Review: Day Hunt on the Final Oblivion

Day Hunt on the Final Oblivion cover artDay Hunt On the Final Oblivion by Meyari McFarland (UK link, US link) is set on a space station inhabited by millions of aliens of a vast array of species. A new commander arrives to take over the human habitat on the station, and the former commander takes him off to explain how things work around here. Except… they disappear. Esme Mullane ends up in charge of the investigation and the more she looks, the more suspicious everything becomes. As she digs deeper, it seems that she is facing an enemy she thought she’d left behind her.

This story is part of a series and there are references to events that have taken place in a previous book, but the important concepts are introduced as required so it’s possible to read this book without having any background knowledge of the earlier book. I think a few aspects of the book might have been clearer to me if I’d read the earlier book first, but I was able to follow this one without getting lost.
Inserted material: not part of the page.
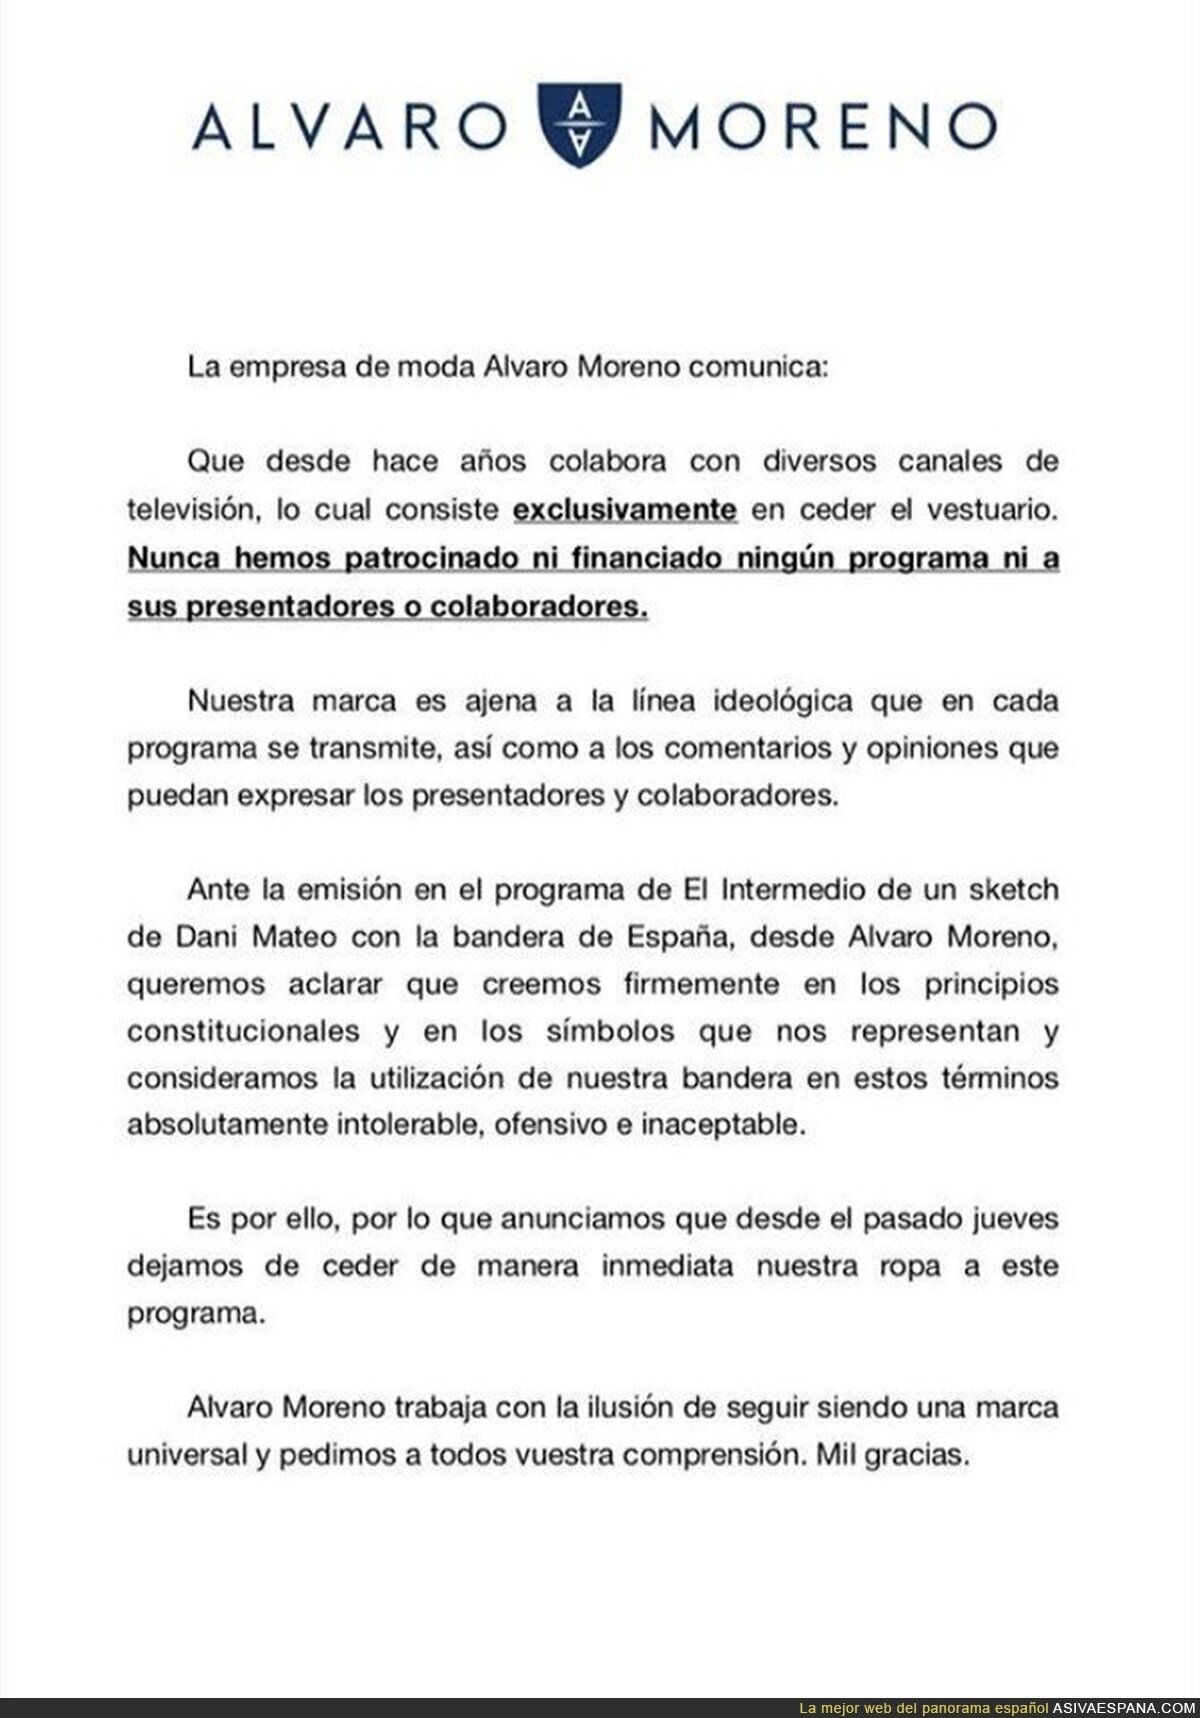 "Alvaro Moreno", otra empresa que deja de apoyar a "El Intermedio"

I really like Esme as a character. She’s tough, she’s dependable, she cares about saving the people around her without necessarily being nice to any of them. She has a tendency to give everyone nicknames, which actually worked really well because the story threw a bunch of characters at me and it was easier to keep straight the characters with nicknames like Bright Boy and Shiny than if I’d been bombarded with a load of names. Esme is slightly bitter and cynical, but manages to maintain a sense of humour and she will do what it takes to get the job done and that makes her a really easy character to root for.

The plot itself moves quickly. It’s action adventure with a touch of mystery thrown in. I think the mystery aspect might have had more impact on me if I’d read the earlier book because I was busy trying to figure out the way this world works as well as following the mystery.
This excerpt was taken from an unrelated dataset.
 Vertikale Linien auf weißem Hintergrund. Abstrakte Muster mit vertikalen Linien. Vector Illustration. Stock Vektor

One thing I struggled with was the names of the various races. A lot of the aliens had thoroughly unpronounceable names. Esme’s tendency towards nicknames did crop up a little bit, and one of these races was nicknamed the Fur Babies, which makes it easier to create a mental picture of them as well as giving a name I can pronounce. I would have liked it is some more of the major players in the story had nicknames for their species as well.

From the diversity angle, Esme is bisexual and there are a few other sexual identities represented, including a minor character who is in a poly marriage.

Overall, I’d give it four stars, but it’s possible I might feel more generous with stars if I came at it having read the first book in the series. It needed a better proof-reader though. There were quite a lot of typos and some threw me out of the story while I tried to figure out what was meant and that nearly dragged by assessment down to three stars.